(Collected material Opens)
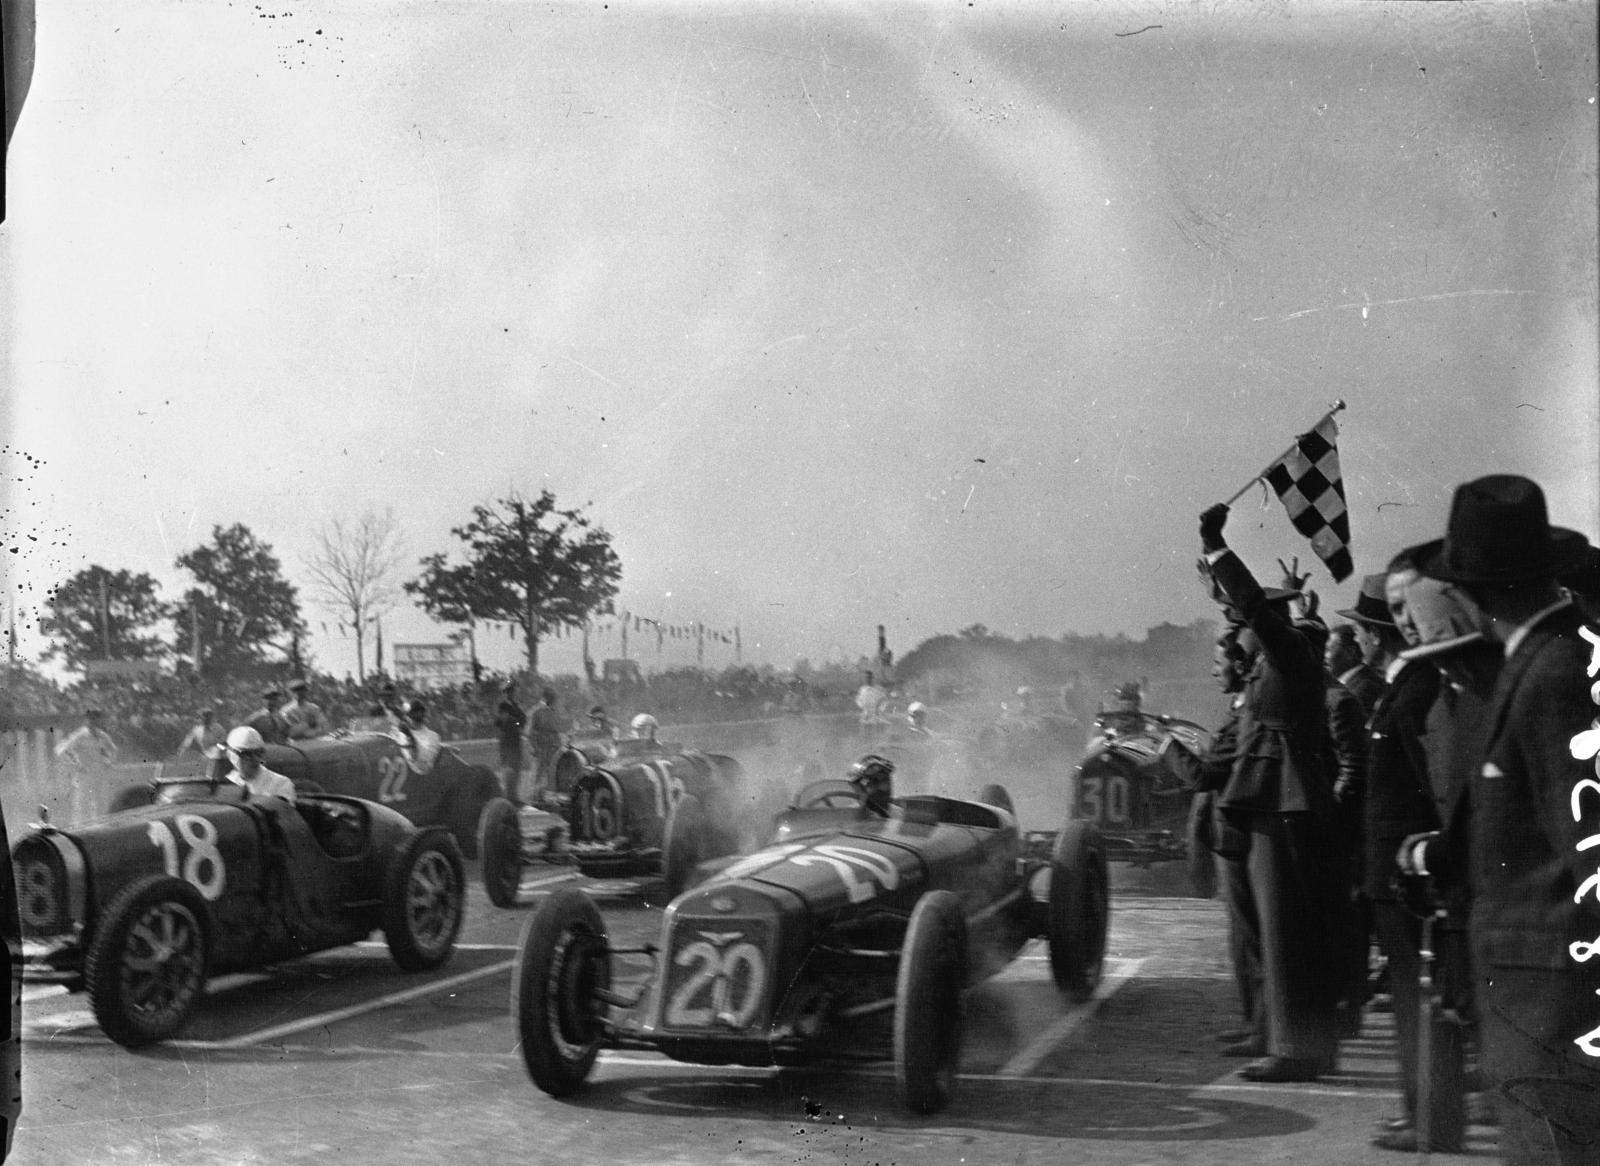 italian gp 1931 start
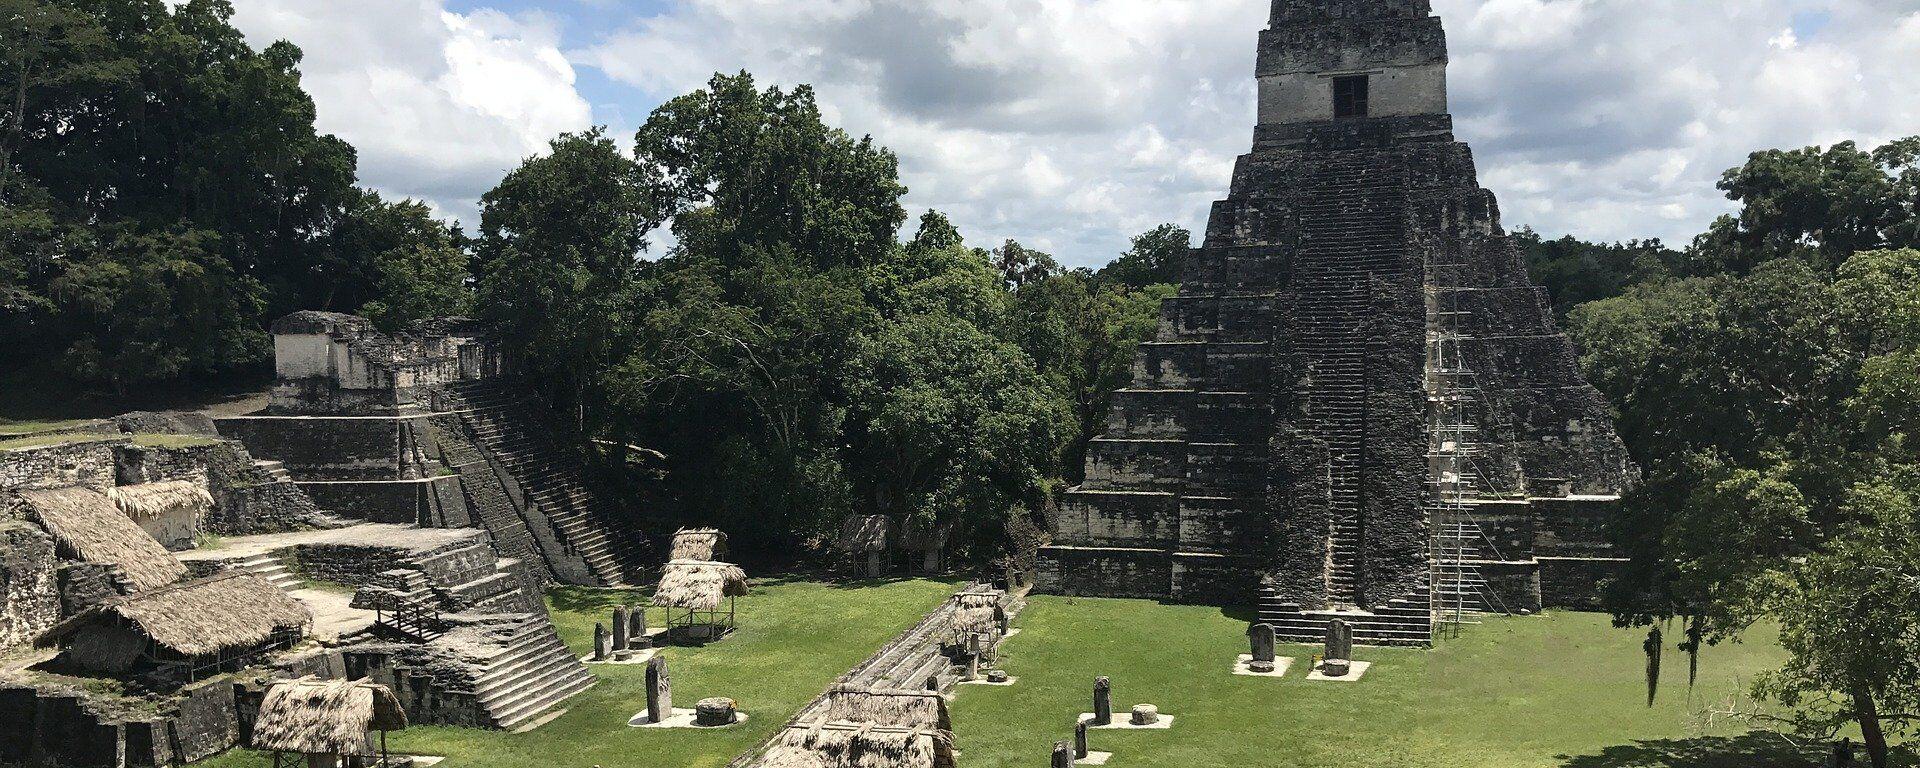 La antigua ciudad maya de Tikal, en Guatemala - Sputnik Mundo, 1920, 23.10.2020
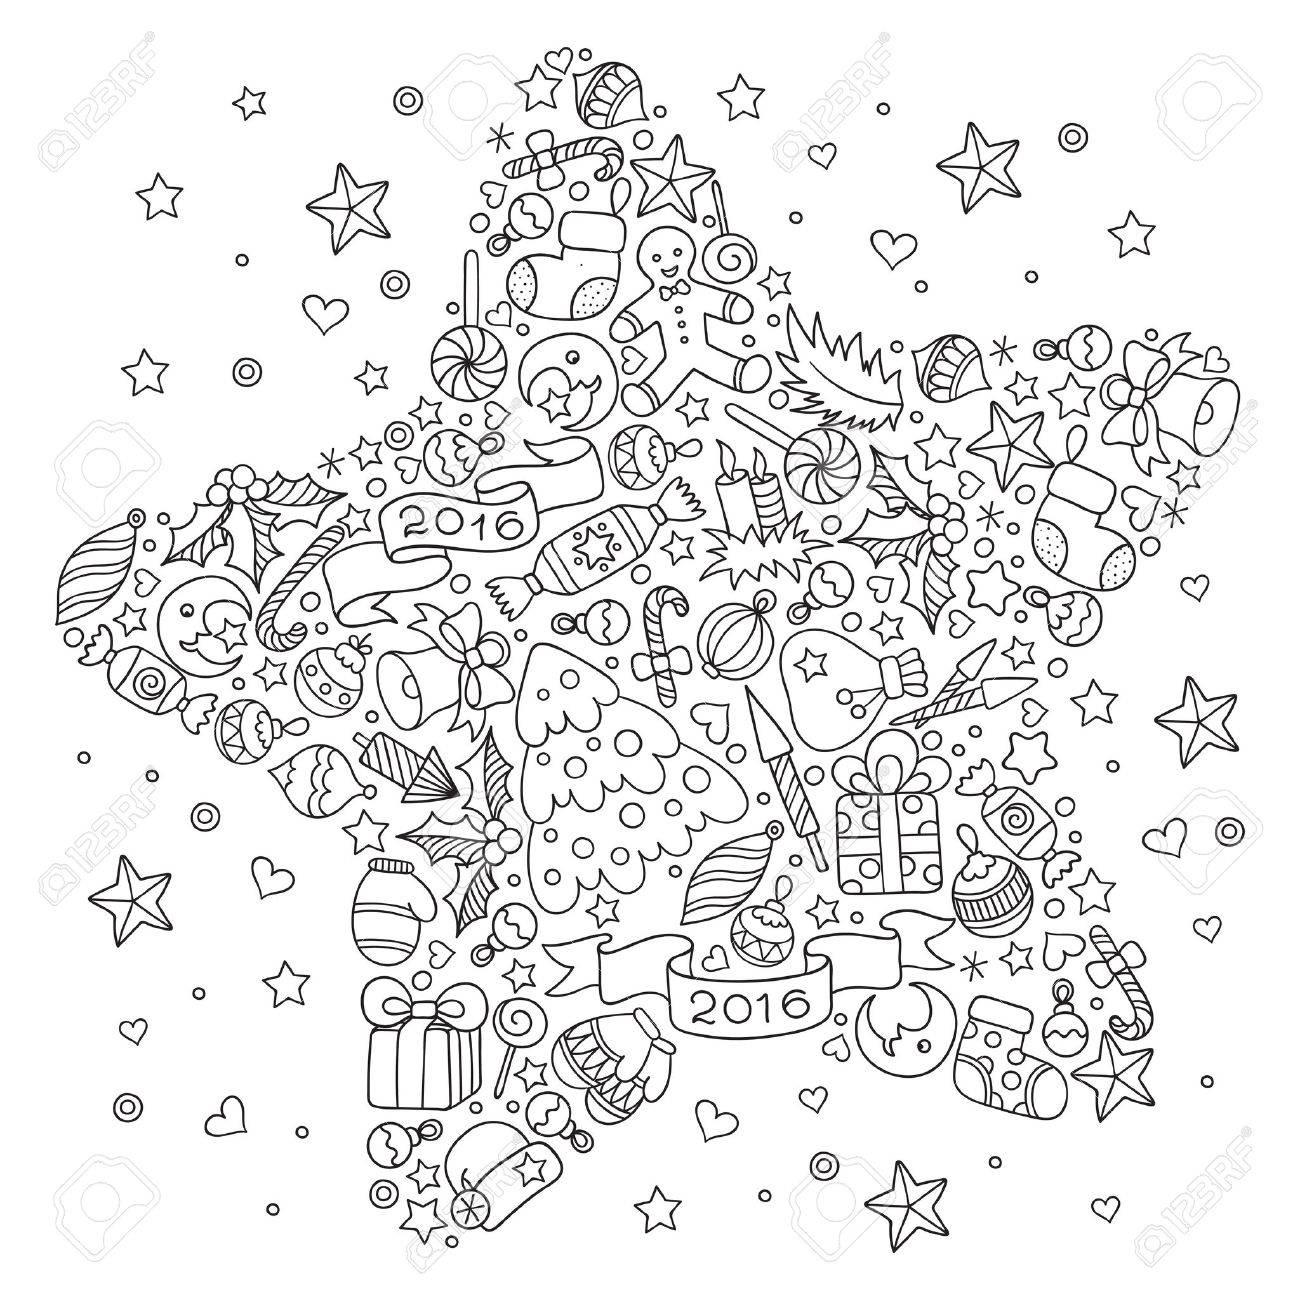 étonnant  Mot-Clé Motif pour livre de coloriage. tiré par la main Noël éléments décoratifs en  vecteur. étoile de Noël à partir d'éléments de décoration de Noël.
(Collected material Closes)
* [What the exercise asks]: Pictures stay out. Copy exactly, and only, the lines from the one containing "La antigua ciudad" through the end of the data.

* [Response area]:
 La antigua ciudad maya de Tikal, en Guatemala - Sputnik Mundo, 1920, 23.10.2020
 étonnant  Mot-Clé Motif pour livre de coloriage. tiré par la main Noël éléments décoratifs en  vecteur. étoile de Noël à partir d'éléments de décoration de Noël.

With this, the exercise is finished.